Q1.

A coin-operated drink machine was designed to discharge a mean of 9 fluid ounces of coffee per cup. In a test of the machine, the discharge amounts in 13 randomly chosen cups of coffee from the machine were recorded. The sample mean and sample standard deviation were 8.95 fluid ounces and 0.29 fluid ounces, respectively.

If we assume that the discharge amounts are approximately normally distributed, is there enough evidence, to conclude that the population mean discharge, , differs from 9 fluid ounces? Use the 0.05 level of significance.

Perform a two-tailed test. Then complete the parts below.

Carry your intermediate computations to three or more decimal places.

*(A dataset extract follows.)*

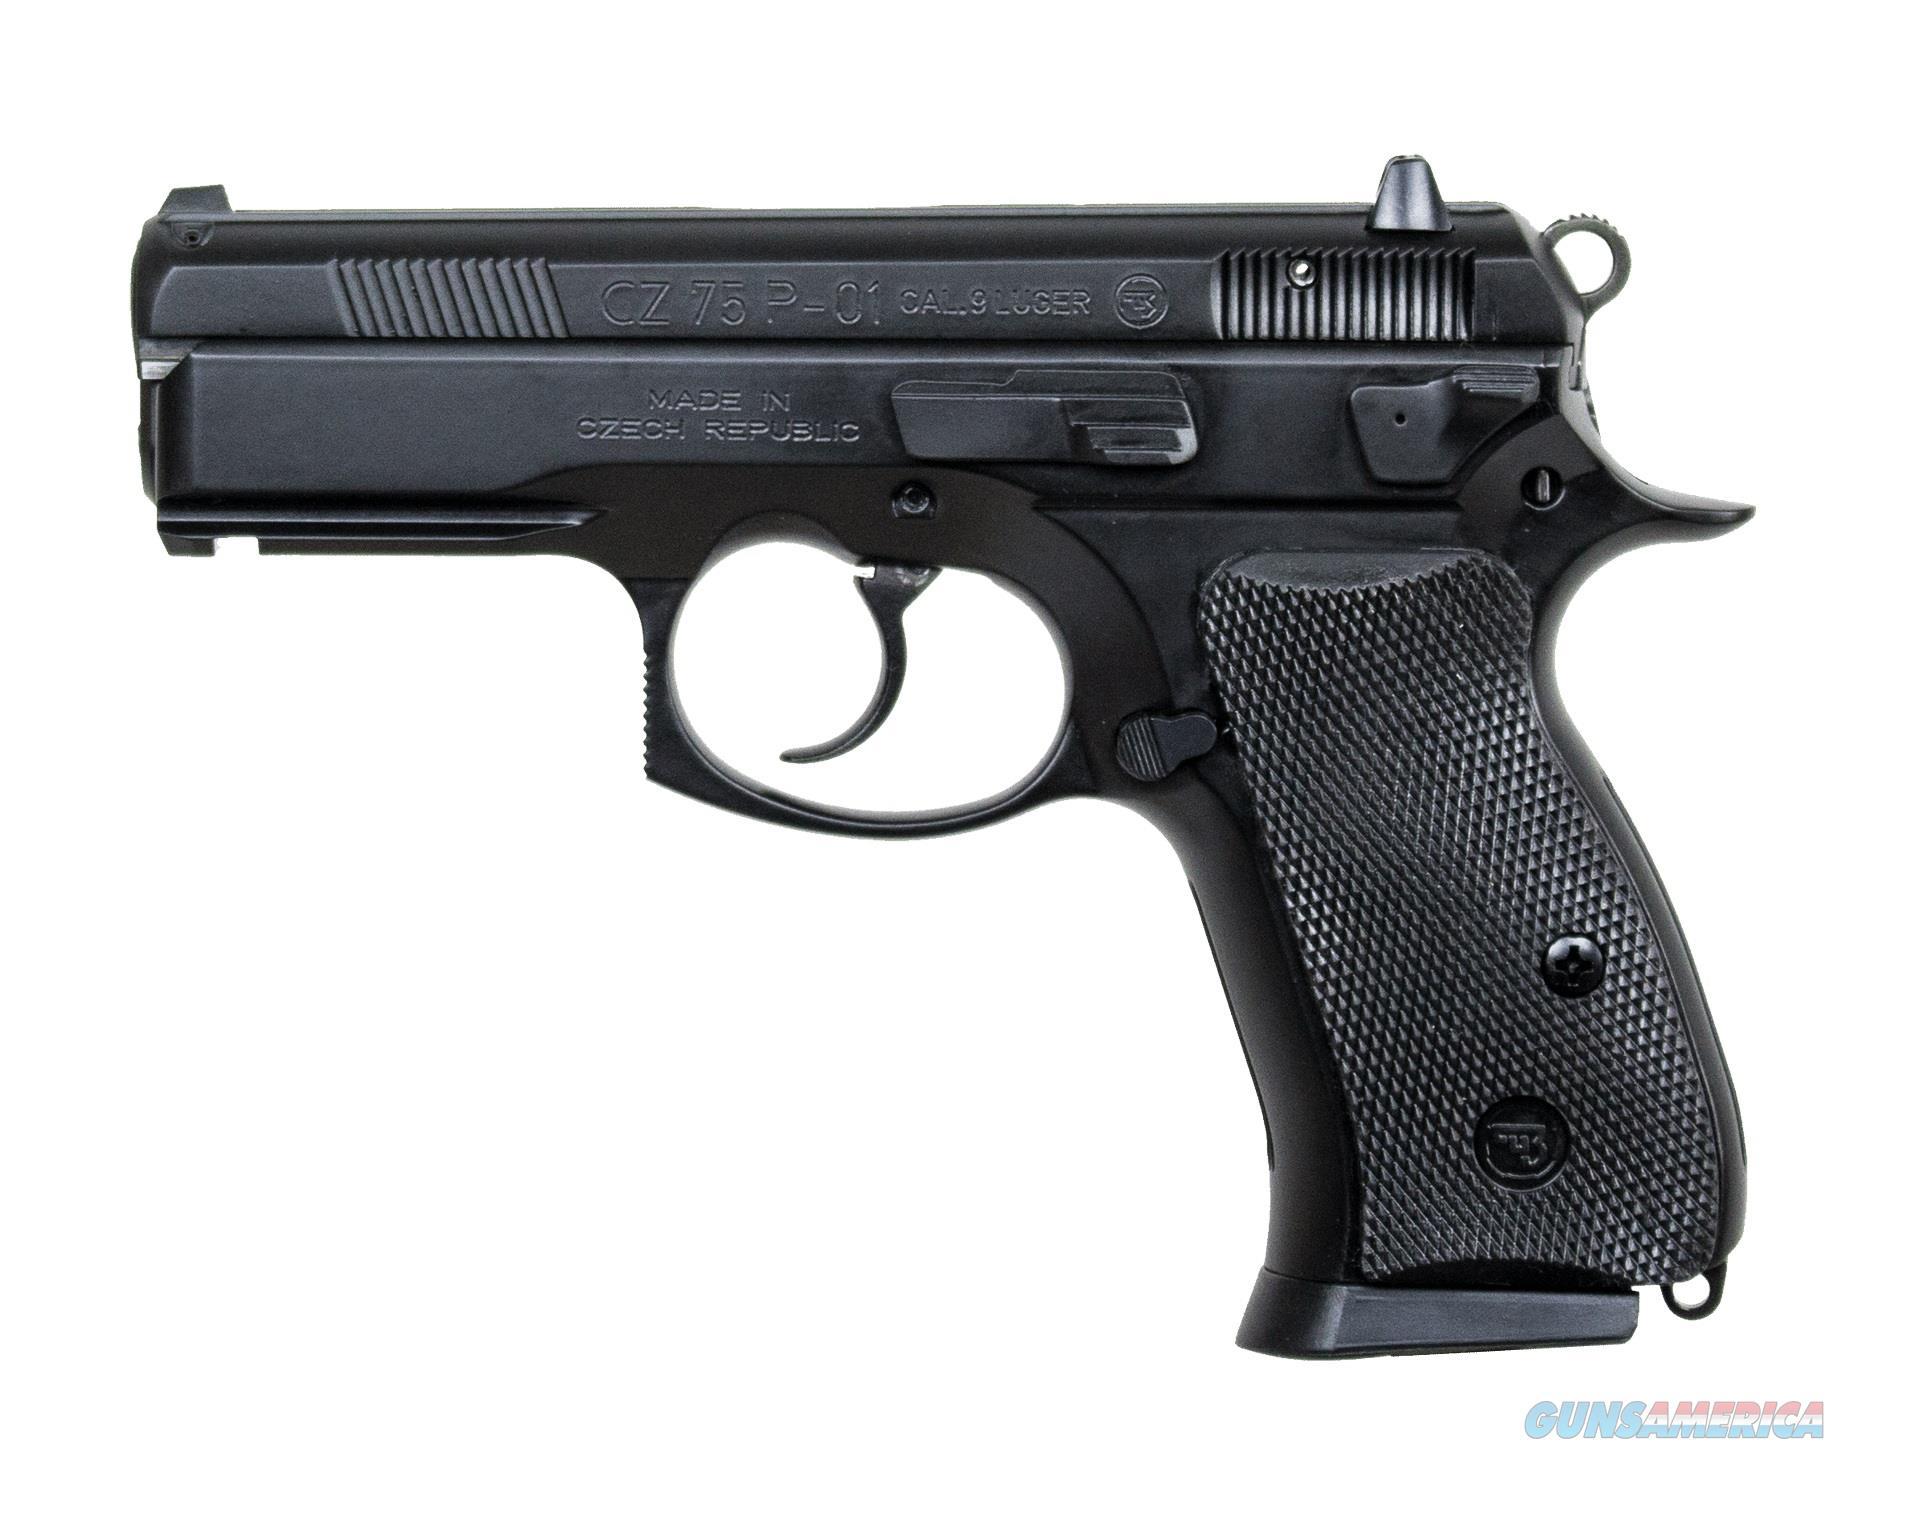 CZ 75 P-01 (91199)  Guns > Pistols > CZ Pistols

(a)	State the null hypothesis H0 and the alternative hypothesis H1.
H0:
H1:
(b)	Determine the type of test statistic to use.
	(Choose one - Z, t, Chi-square, F)
(c)	Find the value of the test statistic. (Round to three or more decimal places.)
(d)	Find the p-value. (Round to three or more decimal places.)
(e)	Can we conclude that the mean discharge differs from 9 fluid ounces?
Yes No

Q2.

The proportion p of residents in a community who recycle has traditionally been 70%. A policy maker claims that the proportion is less than 70% now that one of the recycling centers has been relocated. If 146 out of a random sample of 220 residents in the community said they recycle, is there enough evidence to support the policy maker's claim at the 0.05 level of significance? Perform a one-tailed test. Then complete the parts below. Carry your intermediate computations to three or more decimal places.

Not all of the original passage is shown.